# Information provided:
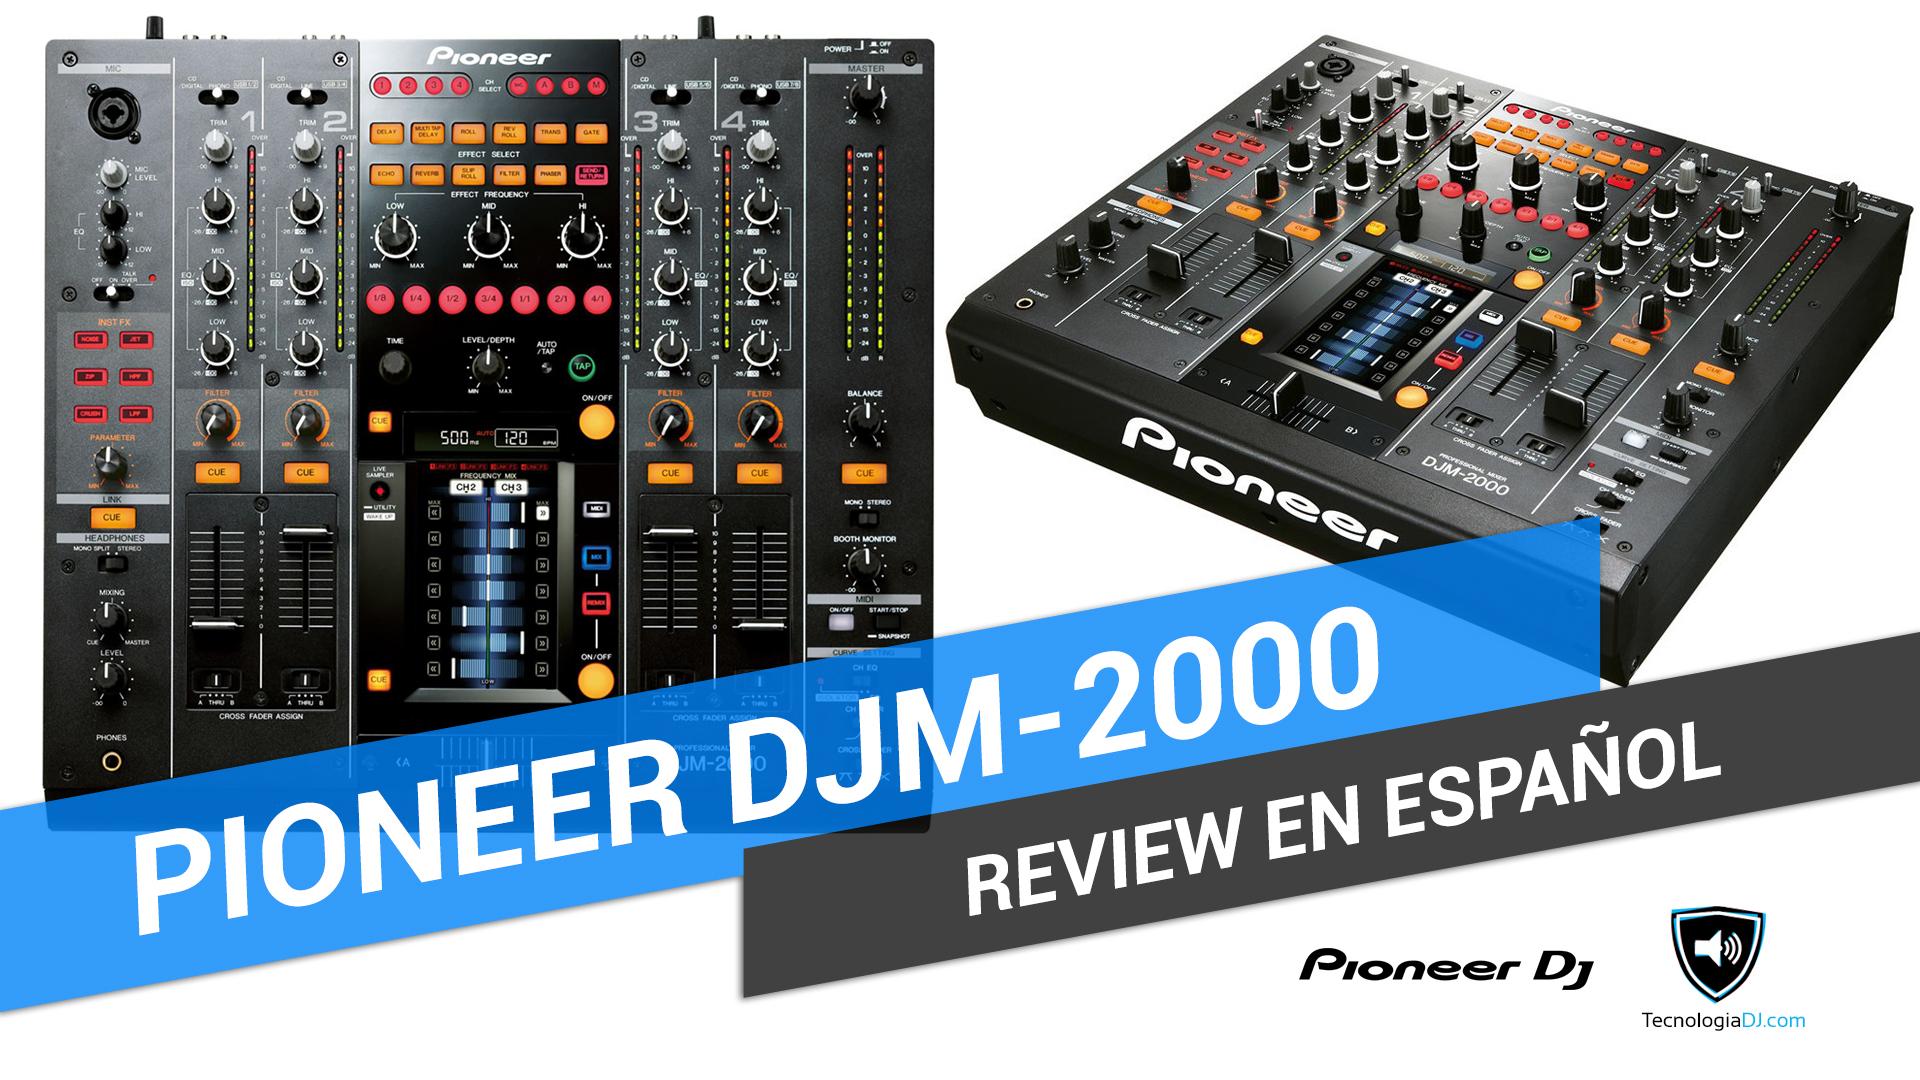 Review en español mixer Pioneer DJM-2000
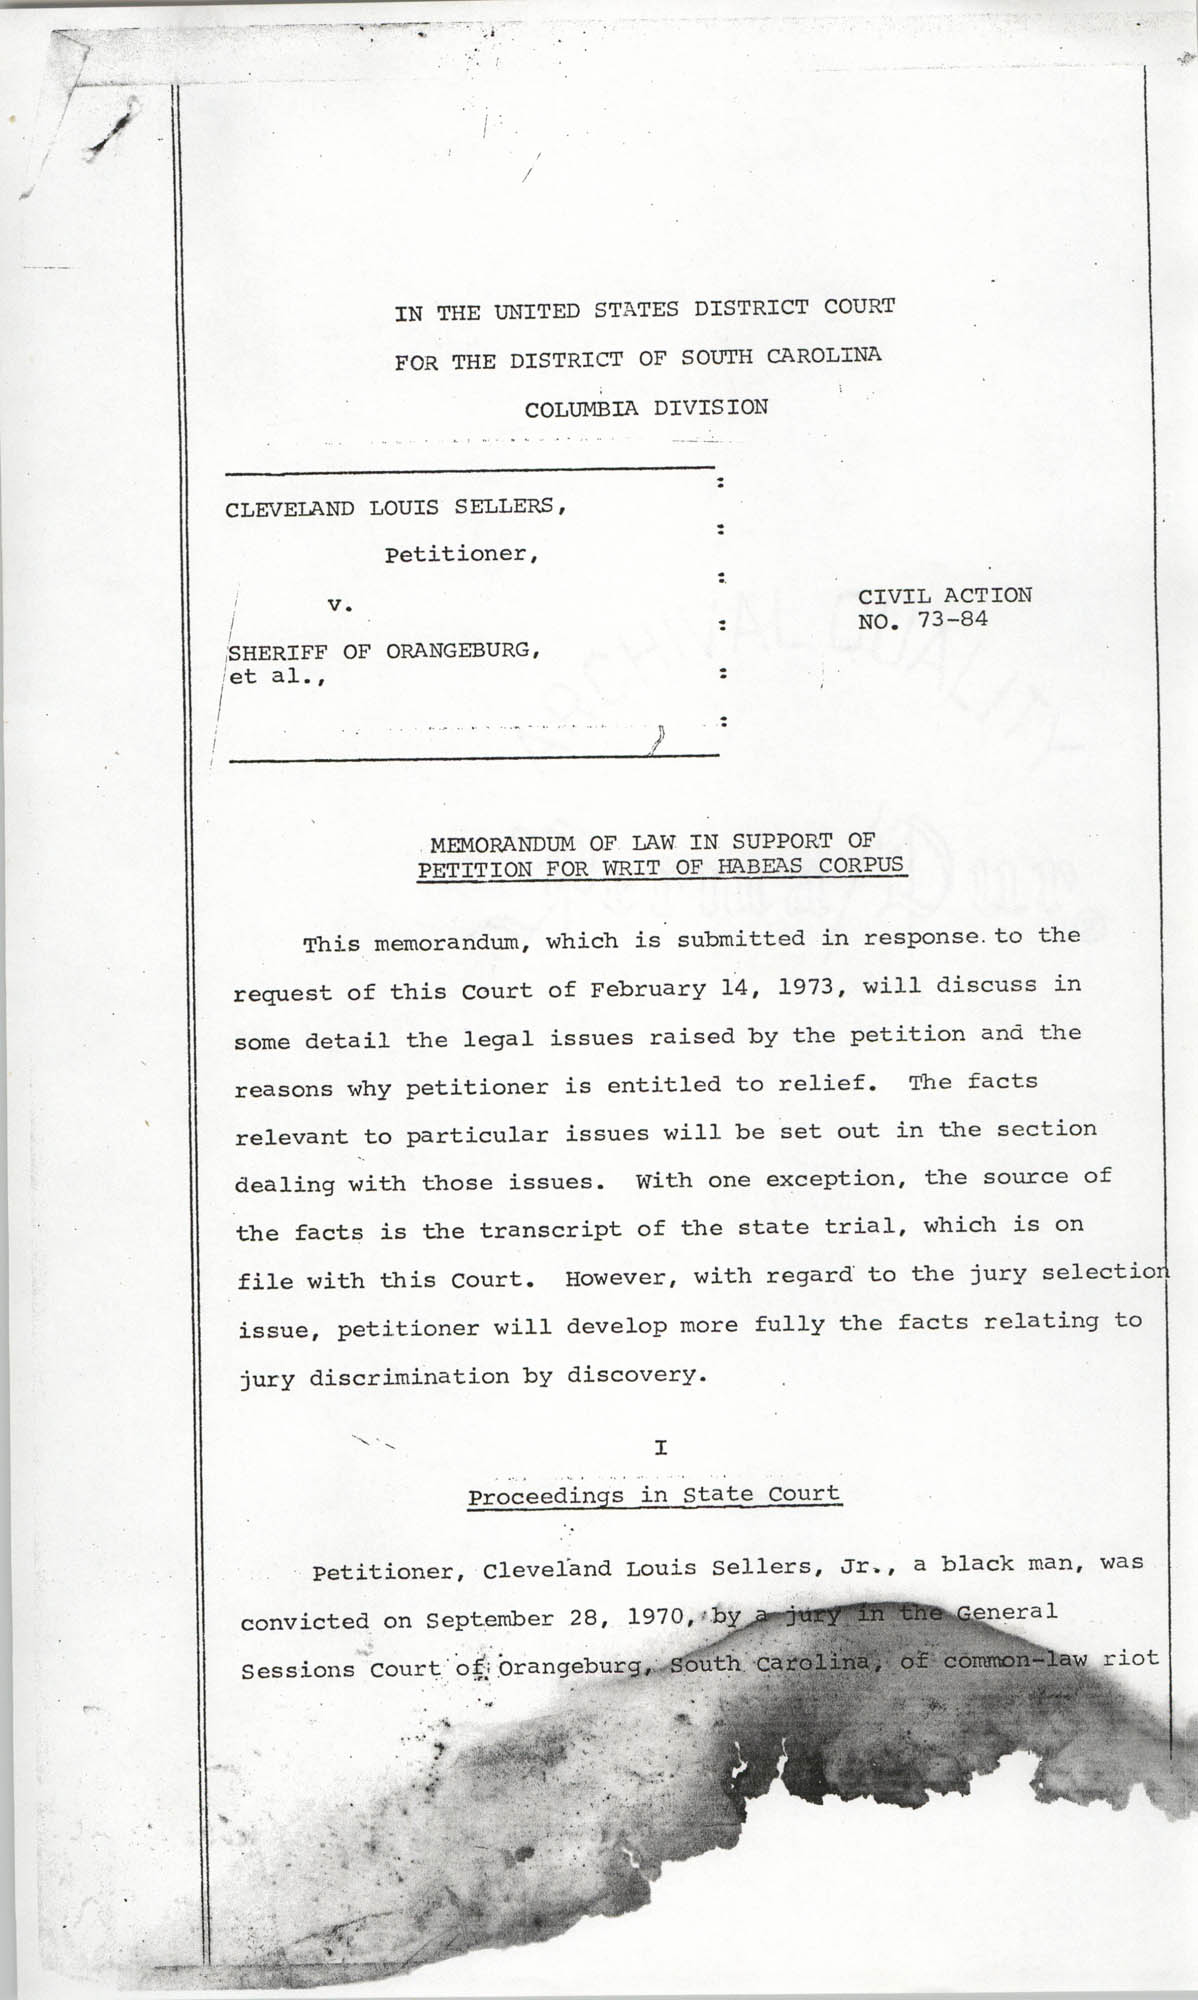 Cleveland Louis Sellers, Petitioner, v. Sheriff of Orangeburg, et al., Civil Action No. 73-84, Page 1
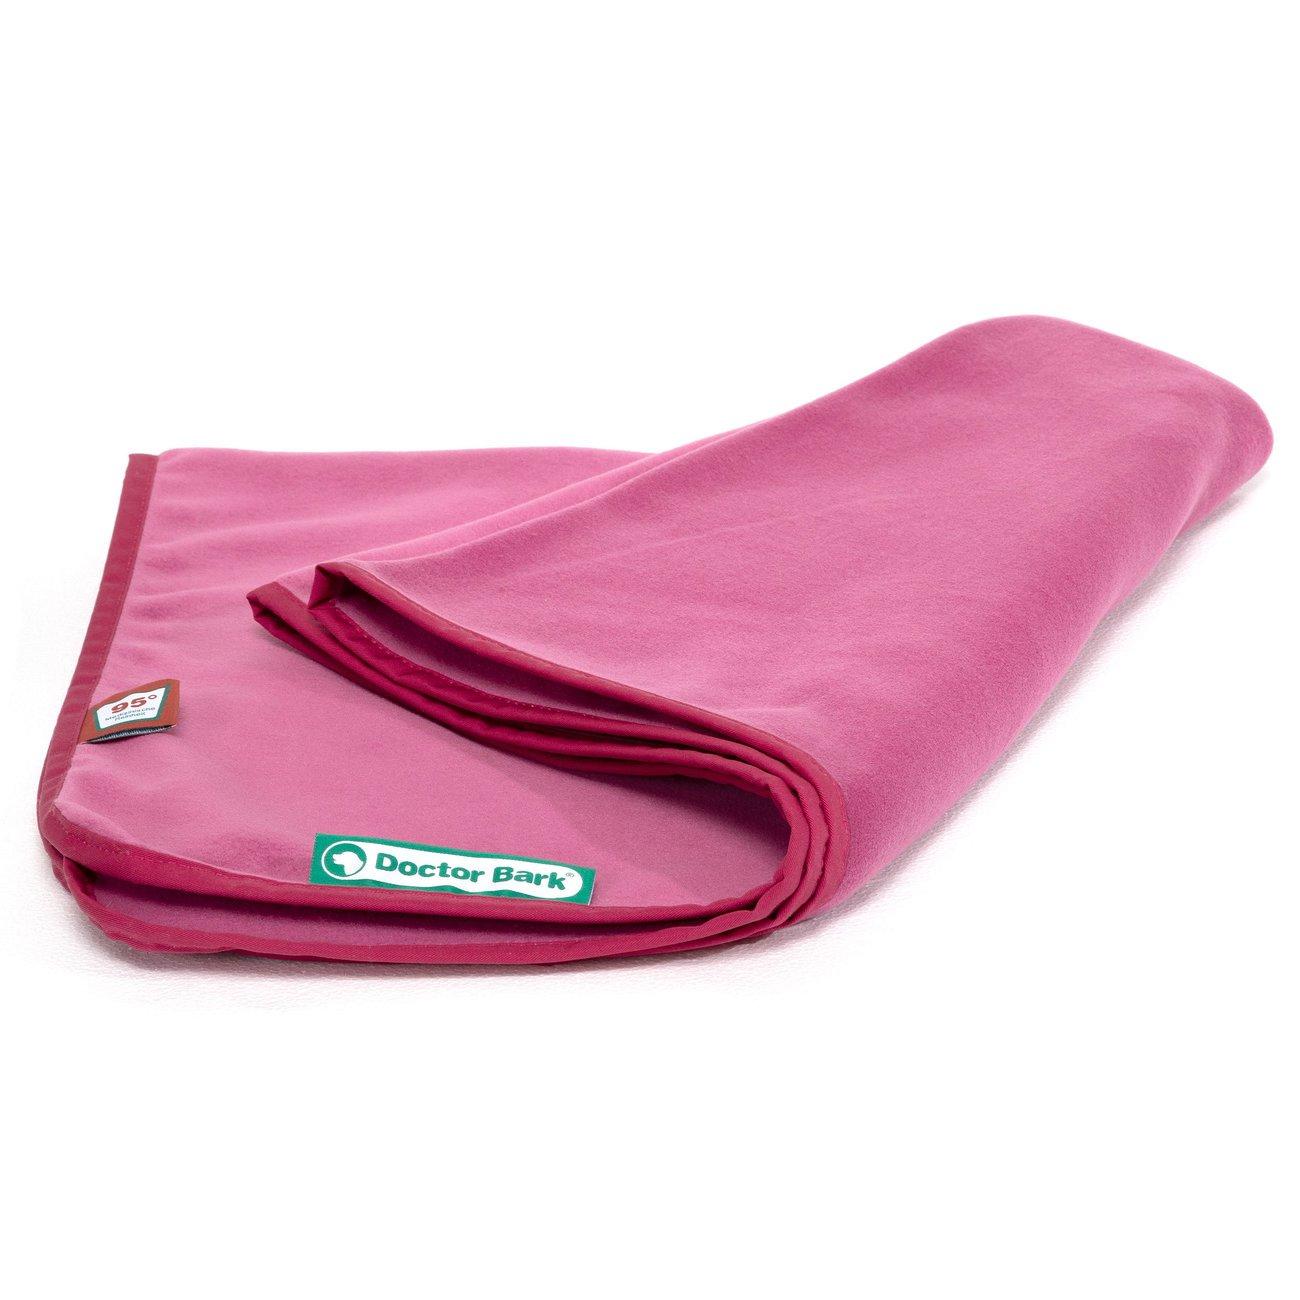 Doctor Bark Kuscheldecke Fleece für Hunde, Gr. M -hot pink - ca. 100x70cm
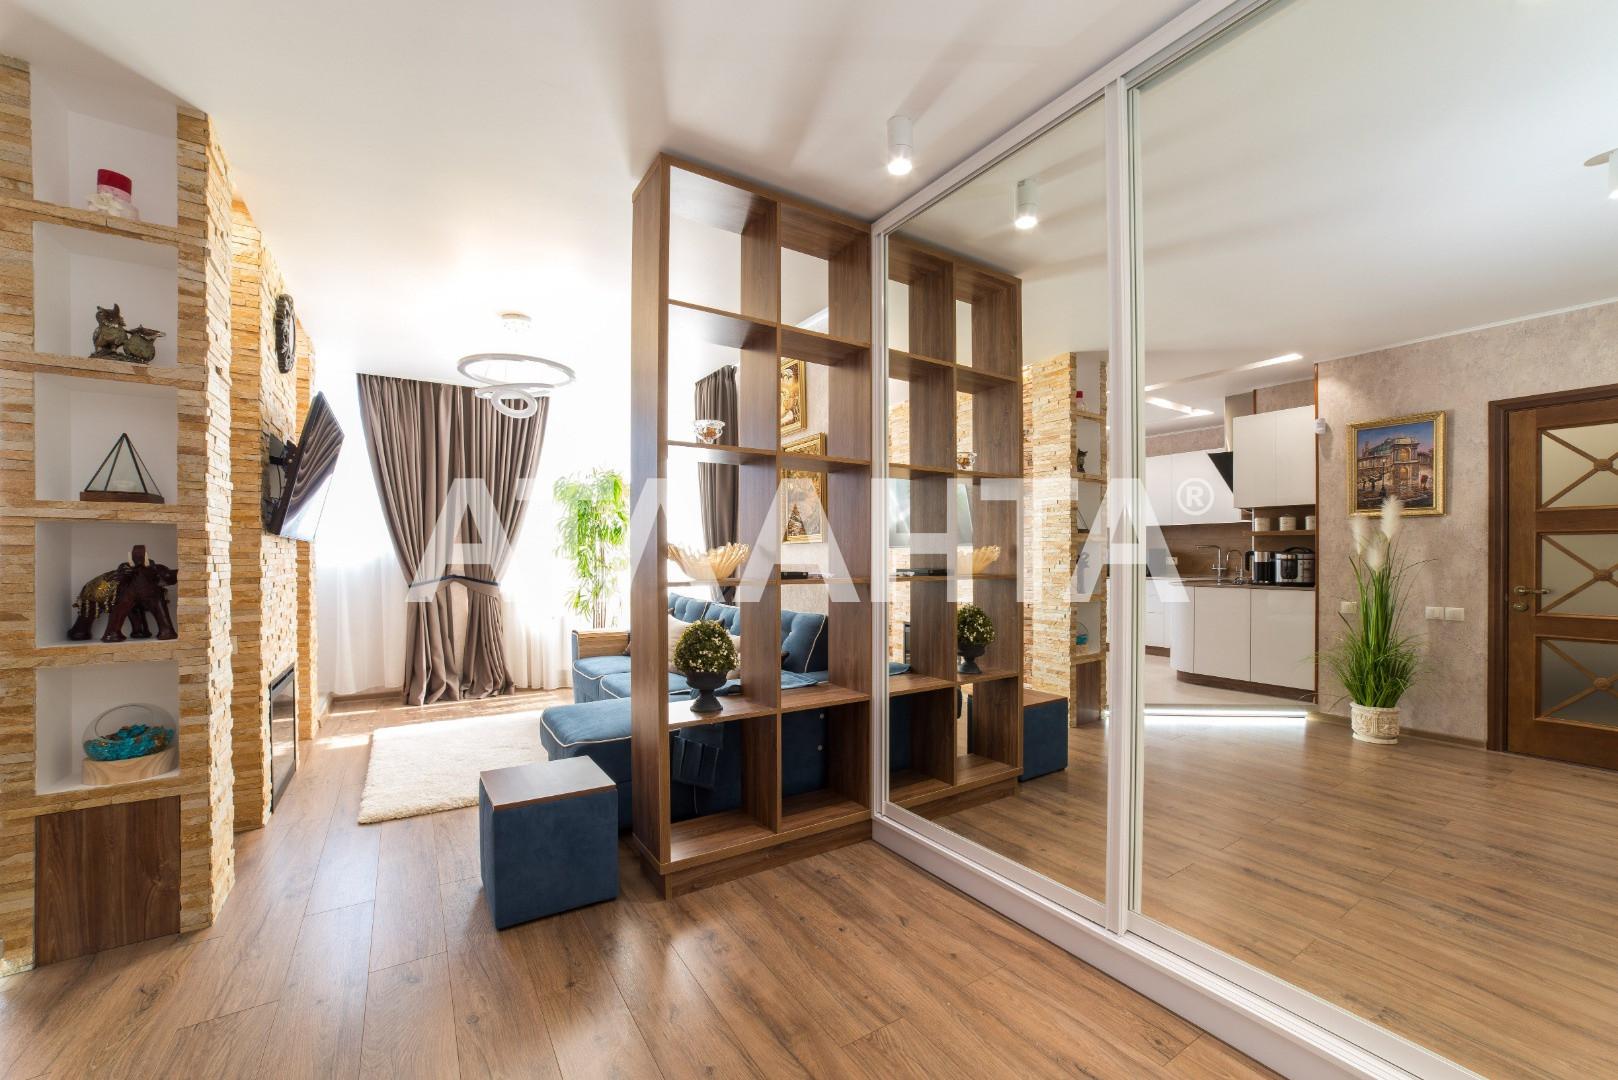 Продается 1-комнатная Квартира на ул. Балковская (Фрунзе) — 50 000 у.е. (фото №16)

# Work instructions:
Beginning with the line containing "Doctor Bark Kuscheldecke" and ending with the last line of the data above, repeat each line exactly. Include no pictures and no other lines.

# Solution for this problem:
 Doctor Bark Kuscheldecke Fleece für Hunde, Gr. M -hot pink - ca. 100x70cm
 Продается 1-комнатная Квартира на ул. Балковская (Фрунзе) — 50 000 у.е. (фото №16)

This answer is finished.